No entanto, a publicidade veiculada pela Jovem Pan esbarra em outros aspectos legais. A Constituição Federal, em seu artigo 227, afirma que a manutenção dos direitos das crianças são uma obrigação que deve ser compartilhada entre toda a sociedade, enquanto o Estatuto da Criança e do Adolescente (lei nº 8.069/1990) afirma que a infância precisa ser preservada em qualquer tipo de relação, inclusive em casos comerciais.

O Código de Defesa do Consumidor (lei nº 8.078/1990) é explícito ao dizer que direcionar publicidade para o público infantil é uma prática abusiva e ilegal, independentemente do tipo de serviço. Mais recentemente, o Marco Legal da Primeira Infância (lei nº 13.257/2016) determinou a proteção da criança contra toda forma de violência e pressão consumista, prevendo a adoção de medidas que evitem a exposição precoce de menores de idade à comunicação mercadológica.

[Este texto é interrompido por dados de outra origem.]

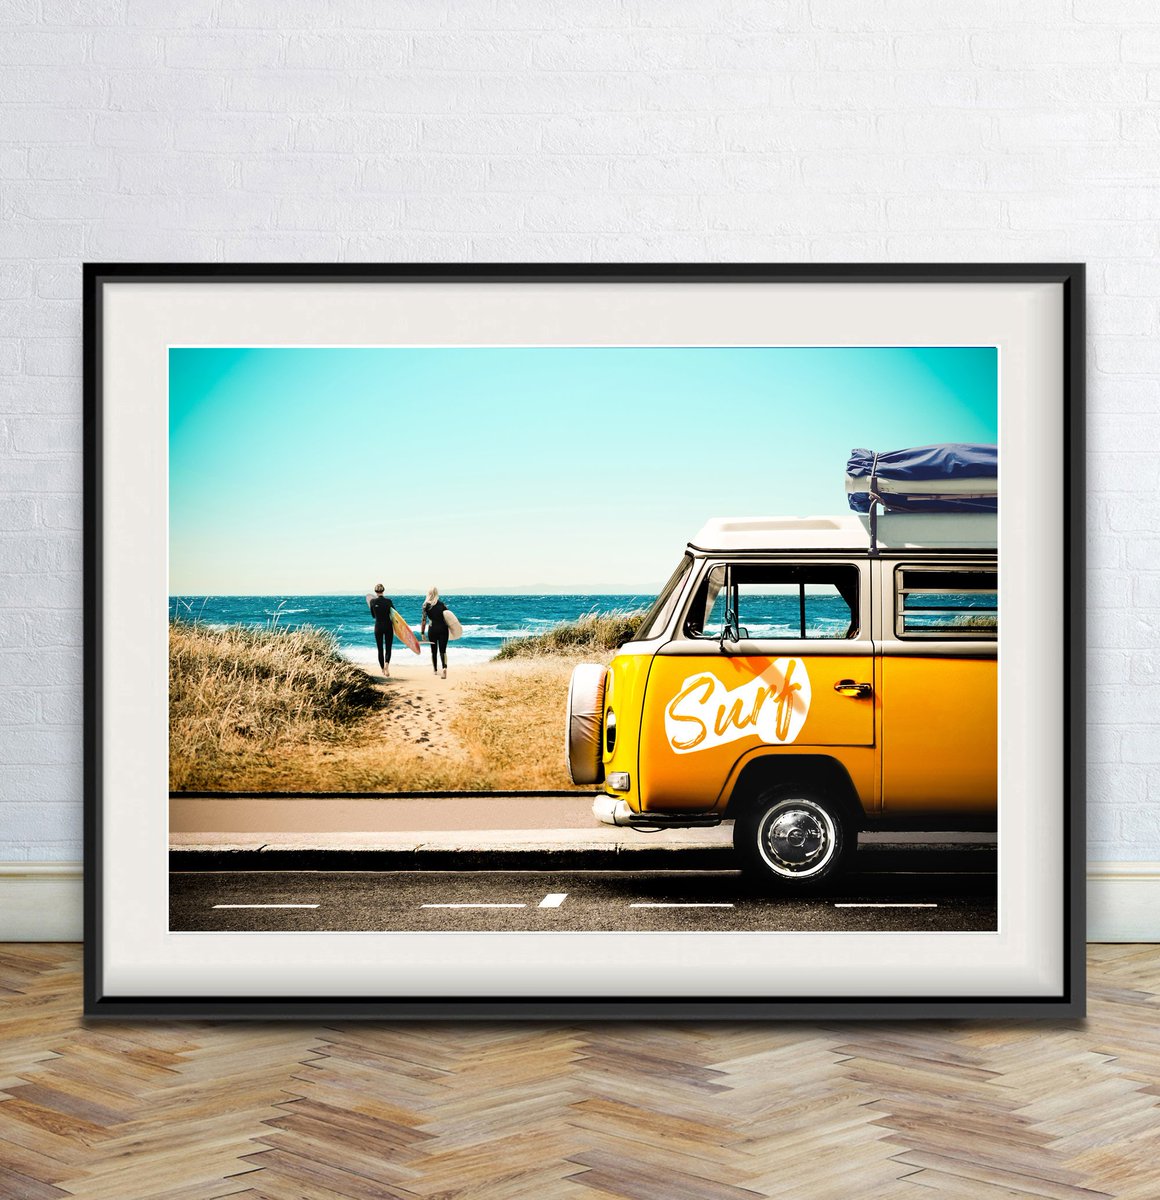 VW Camper Van. Surf. California. Digital download. debixaddi.etsy.com etsy.me/2ODlTCp #vwcampervan #vwtransporter #vwkombi #vwsurf #surfbeach #surferart #surfprint

Ação de merchandising durante o Morning Show, da Jovem Pan News
Vinícius Moura e Paulo Mathias apresentam o tônico milagroso com uma merchandete da Ervik (foto: Reprodução/JP News)

Emissora se defende

Em nota enviada para a reportagem do TV Pop na noite de terça-feira, a assessoria de imprensa da Jovem Pan News defendeu a ação publicitária veiculada pelo Morning Show. “A veiculação ocorreu em concordância ao Estatuto da Criança e do Adolescente, e sendo o produto regulamentado pela Anvisa”, afirmou o canal de notícias. O posicionamento da empresa, no entanto, não condiz com a realidade. O Tônico Capilar Hairvik nunca foi aprovado pela Anvisa, assim como todos os outros produtos comercializados pela Ervik.

Dentro de sua página oficial, a Anvisa disponibiliza uma ferramenta pública que possibilita a checagem de itens enviados para a apreciação da agência, através do envio do nome do produto ou através do CNPJ da respectiva empresa. Em seu site, a Ervik Comércio de Produtos de Saúde e Beleza Eireli diz operar com o CNPJ 35.420.481/0001-79. Este número, no entanto, nunca fez o envio de produto algum para a avaliação e regulamentação do órgão governamental.

A reportagem também fez insistentes testes pesquisando por Hairvik na plataforma de checagem de nomes comerciais submetidos para a análise da Anvisa. O resultado, porém, sempre foi o mesmo. De acordo com o órgão, “não há registro” de nenhum produto com este nome em nenhuma das categorias monitoradas.